**Work order:** Would you return exactly the lines below from the line with "Ruched Sleeveless Top" through the line with "A serving of", both included, and nothing else, leaving out the pictures?
━━ Data records
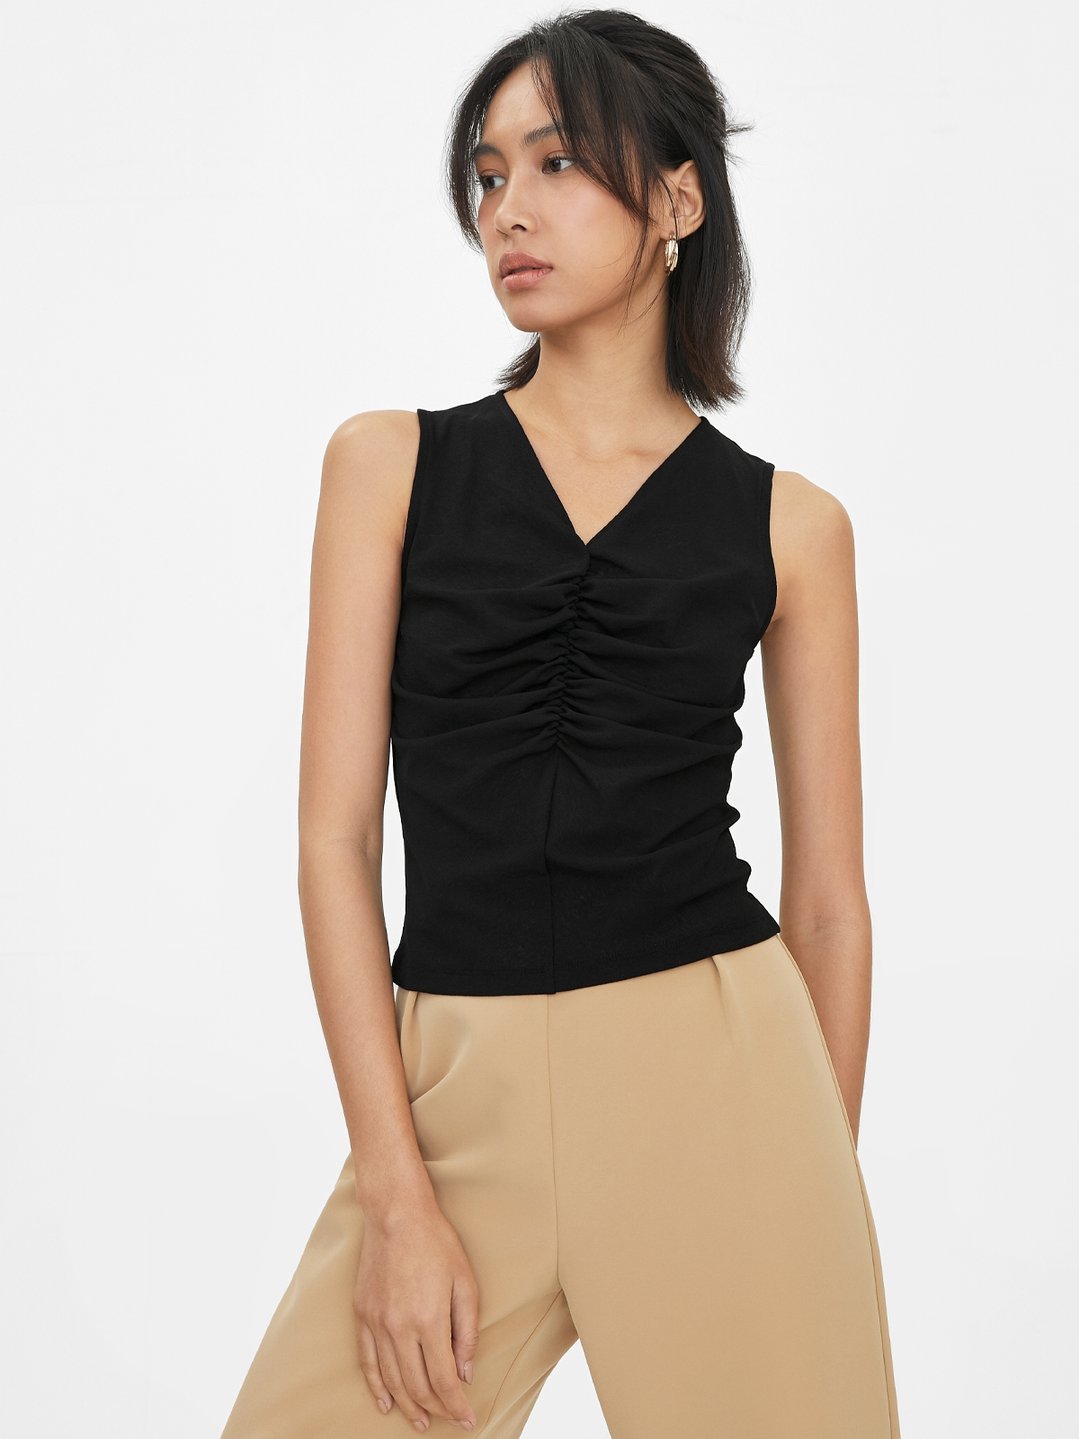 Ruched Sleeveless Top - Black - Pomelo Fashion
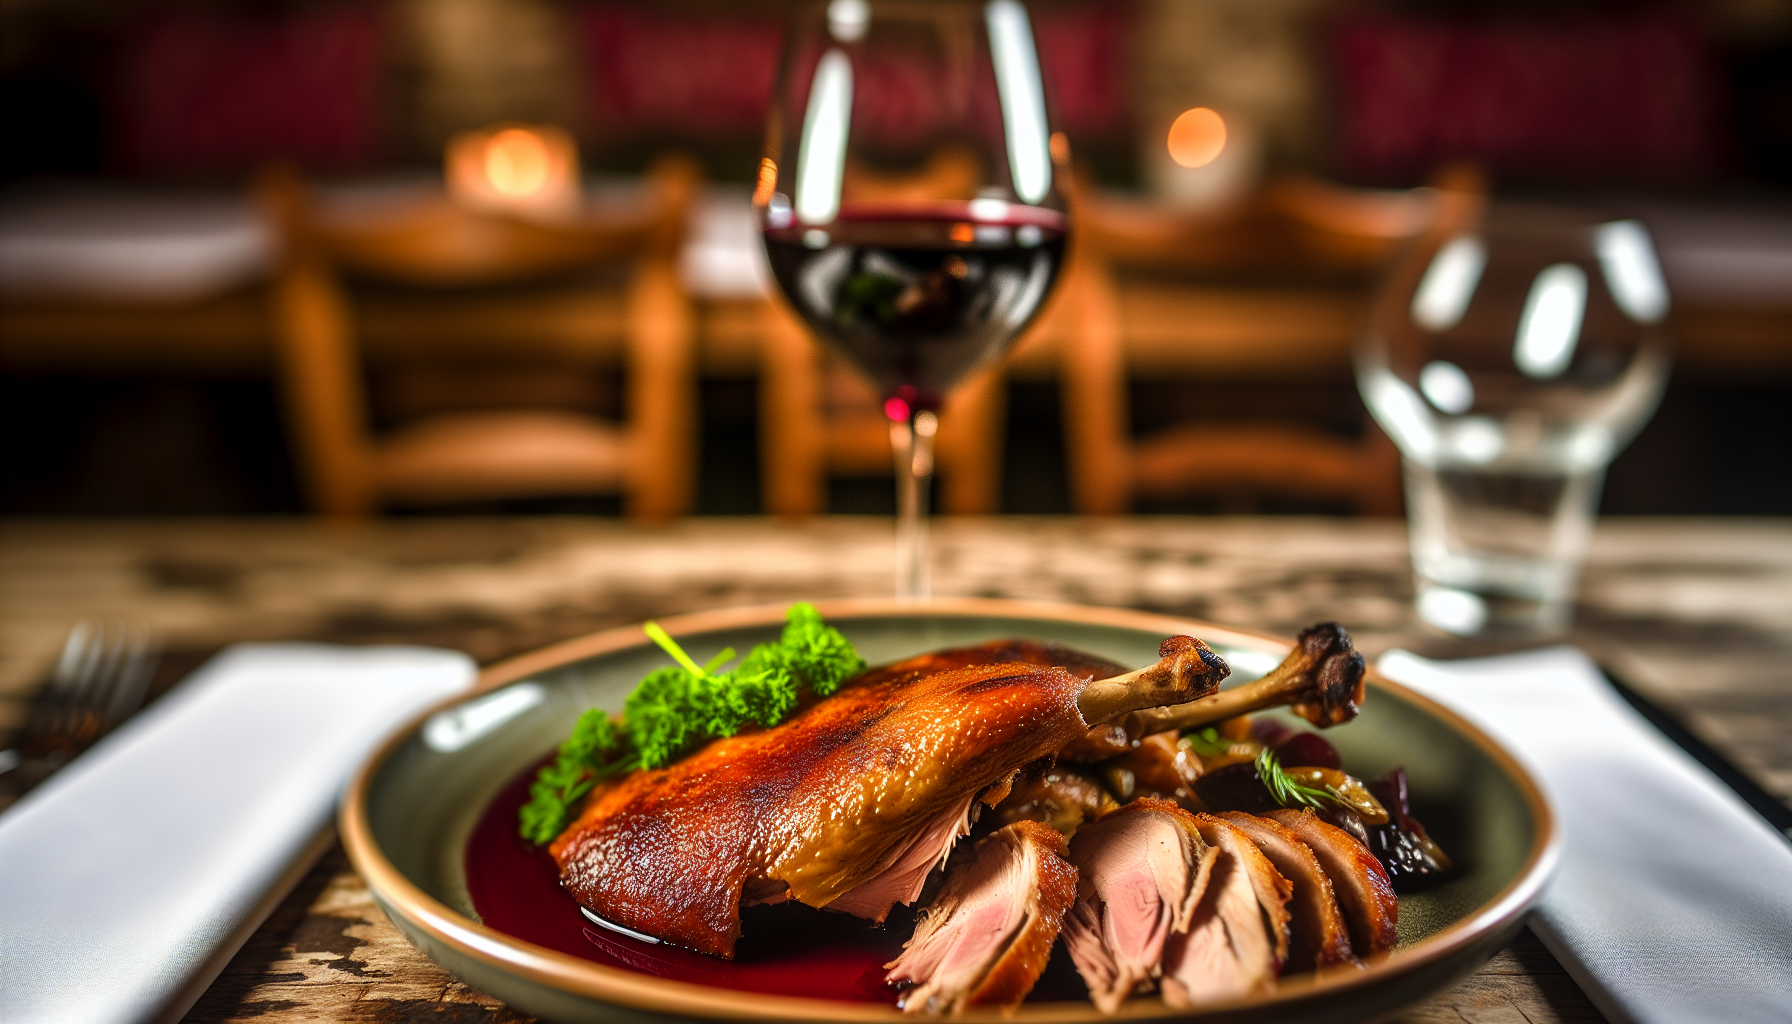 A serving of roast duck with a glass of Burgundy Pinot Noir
━━━━
━━ Data records
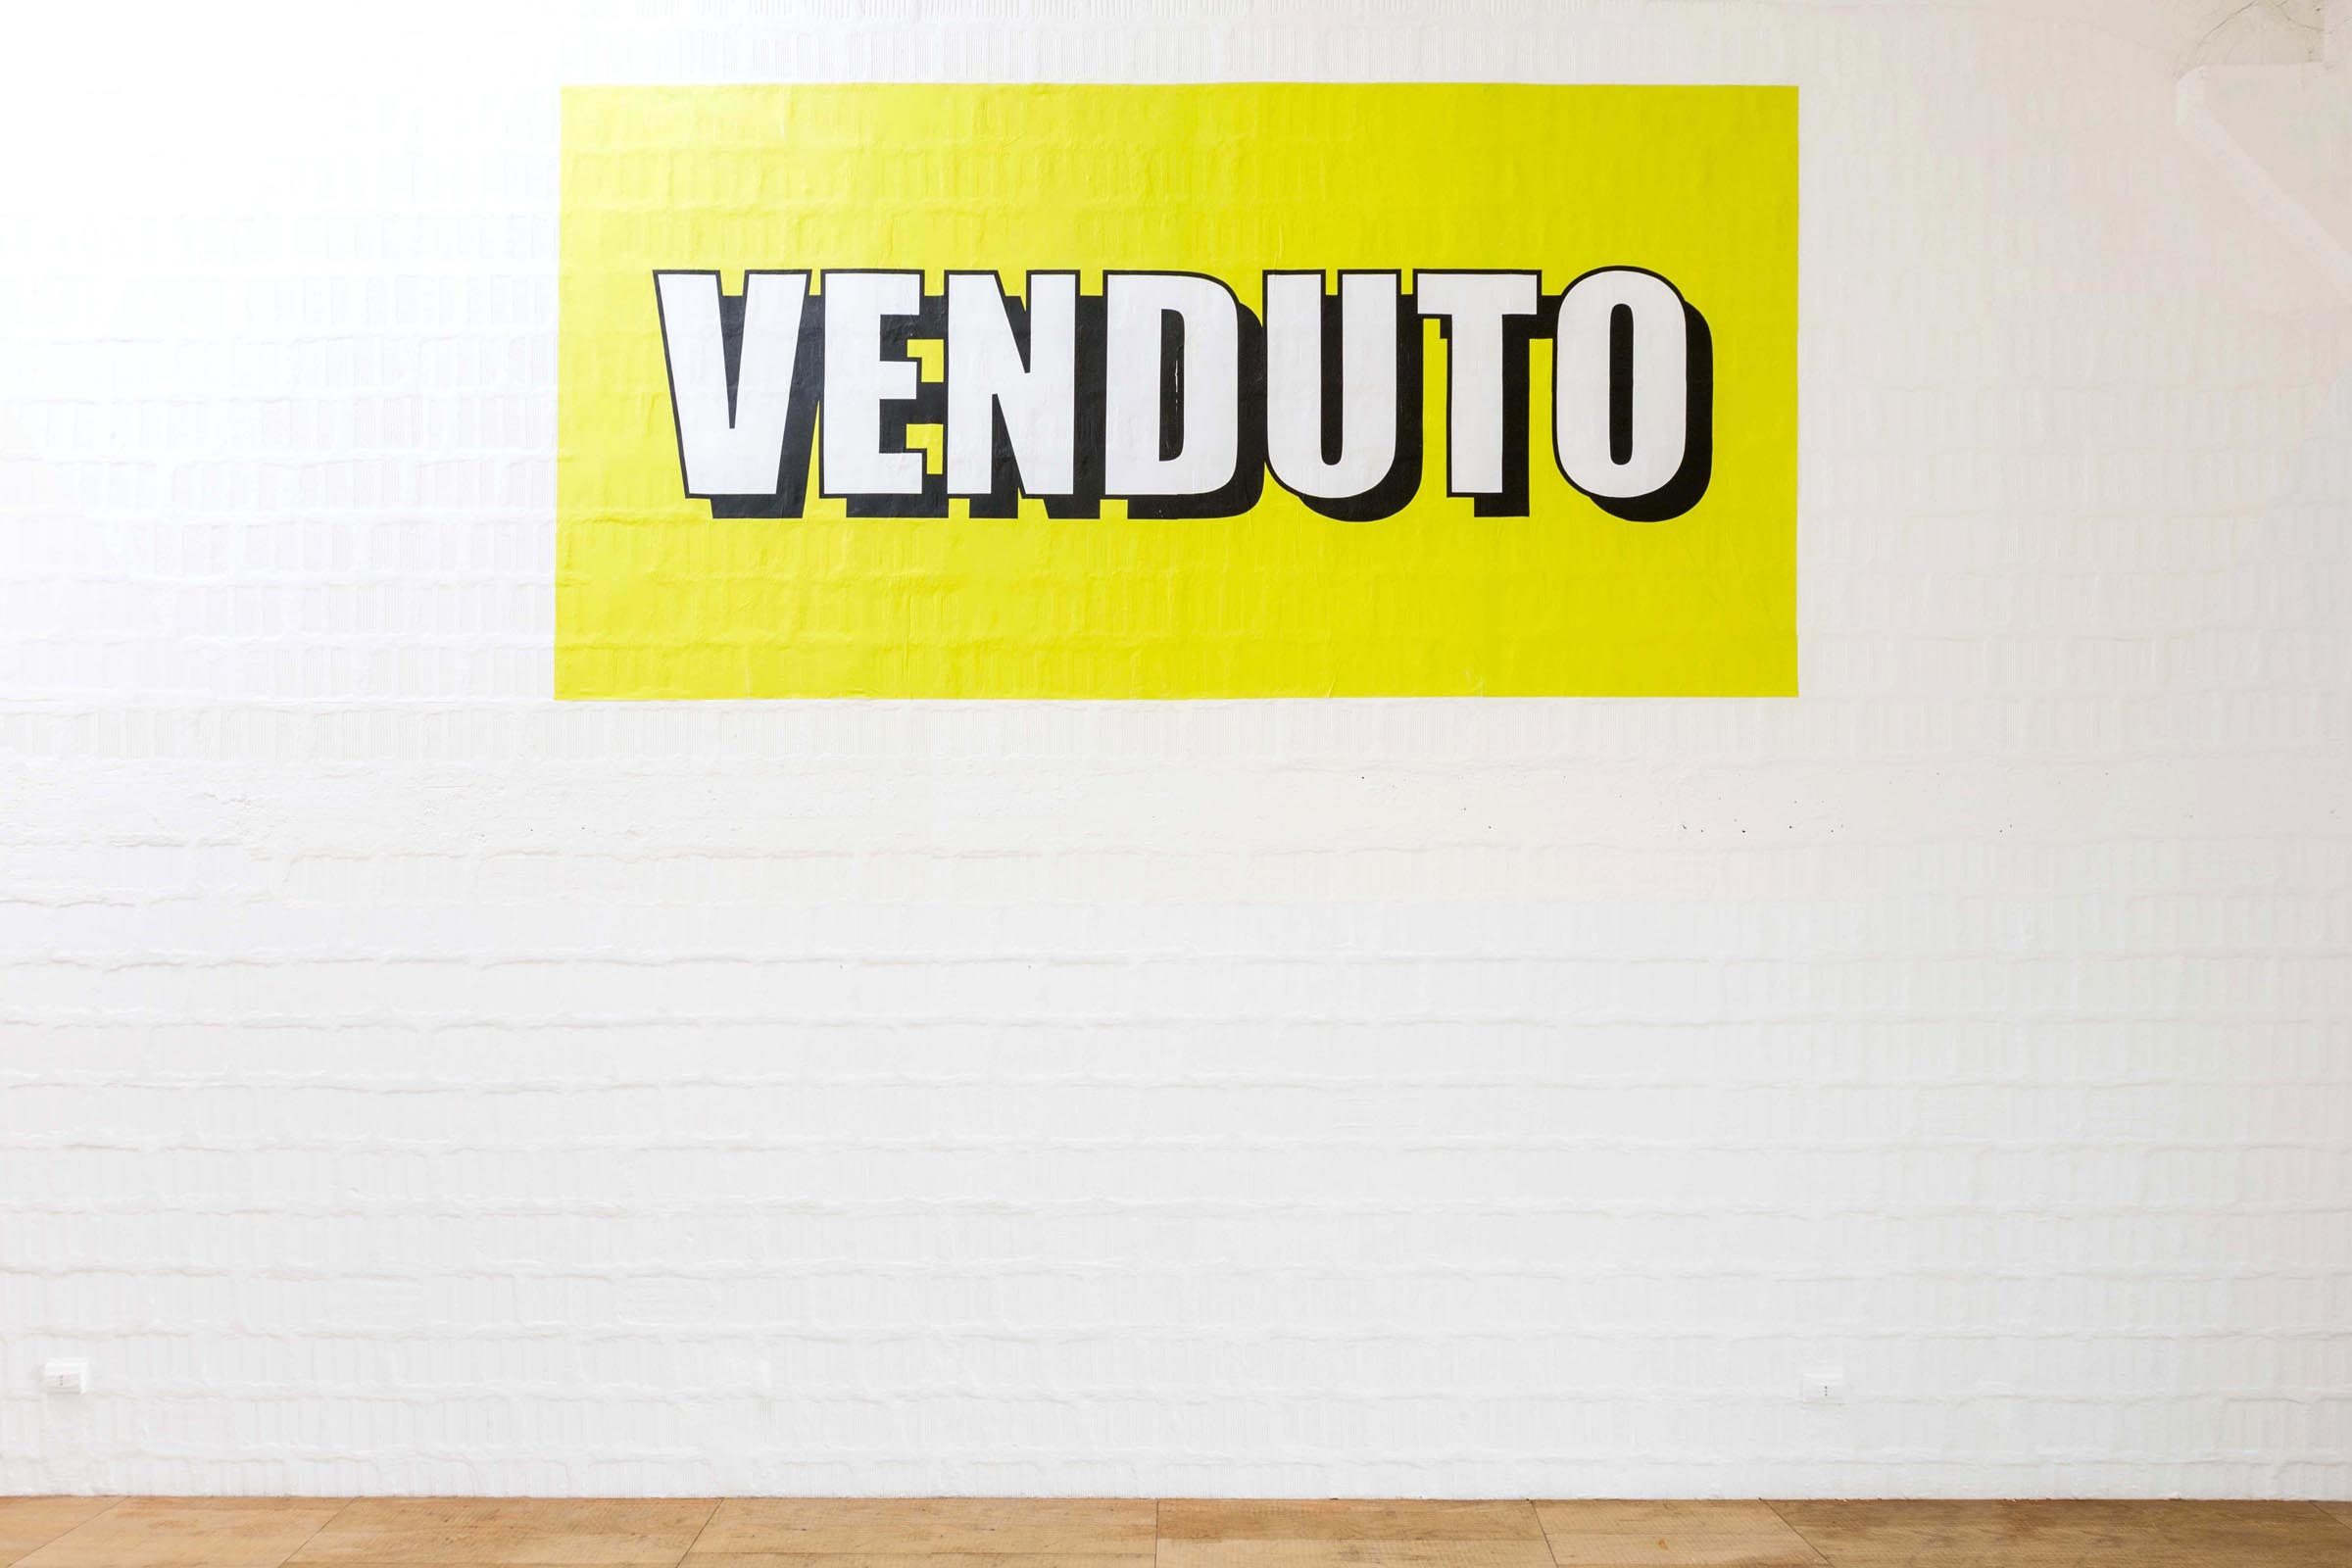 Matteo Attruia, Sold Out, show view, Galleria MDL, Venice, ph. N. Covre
━━━━
**Your solution:**
 Ruched Sleeveless Top - Black - Pomelo Fashion
 A serving of roast duck with a glass of Burgundy Pinot Noir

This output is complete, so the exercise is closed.